Anton Gulin

Posted on Apr 15 • Edited on Jun 15

Eval-Driven Development for AI Agent Skills

#opencode #typescript #ai #opensource

The Problem with Writing Skills by Hand

You've written a skill for your AI coding agent. It's got clear instructions, proper formatting, a good description. You test it in a session — it works. Ship it, right?

Not so fast.

Skills trigger based on their description field — a 1-2 sentence summary in the SKILL.md frontmatter. And here's the thing: descriptions that seem crystal clear to humans often trigger wrong. Too specific, and the skill never activates when it should. Too broad, and it fires on unrelated prompts.

The result: skills that feel right in theory but fail unpredictably in practice.

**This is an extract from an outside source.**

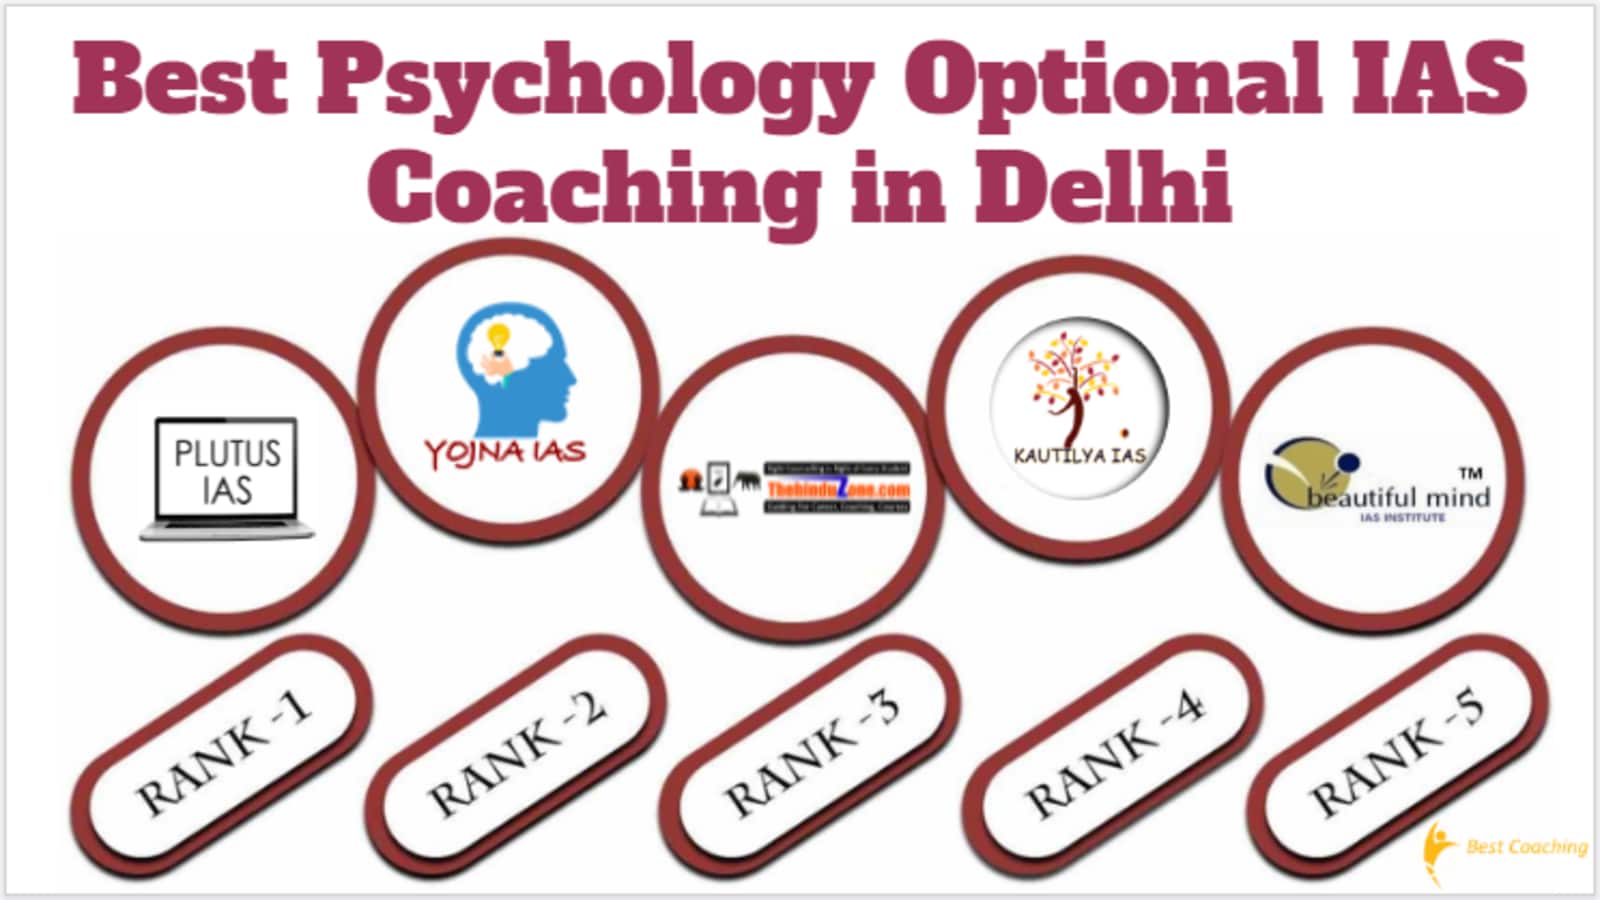 Top Psychology Optional IAS Coaching in Delhi

And there's no systematic way to measure whether a skill is getting better or worse across iterations.

This is the same problem software engineering solved decades ago with automated testing. Skills are software. They need testing too.

What Is Eval-Driven Development?

Eval-driven development is the practice of:

Writing test cases that define expected behavior
Running those tests automatically to measure actual vs. expected outcomes
Using the results to improve iteratively, with quantifiable evidence

For AI agent skills, this means:

Generating test prompts (should-trigger and should-not-trigger queries)
Running each prompt with and without the skill
Comparing outputs to see if the skill actually improves results
Optimizing the description so the skill triggers on the right prompts

The Skill Creation Lifecycle

opencode-skill-creator implements eval-driven development as a structured lifecycle:

Create → Evaluate → Optimize → Benchmark → Install
   ↑                                      |
   └──────────── Iterate ─────────────────┘

1. Create

Start with an intake interview. The skill-creator asks 3-5 targeted questions:

What should this skill enable the agent to do?
When should it trigger?
What output format is expected?
What workflow steps must be preserved exactly?

This captures intent before writing any code.

2. Evaluate

Auto-generate eval test sets — realistic prompts categorized as should-trigger or should-not-trigger. Run each test case twice:

With skill: The agent has the skill loaded
Without skill: The agent runs without it (baseline)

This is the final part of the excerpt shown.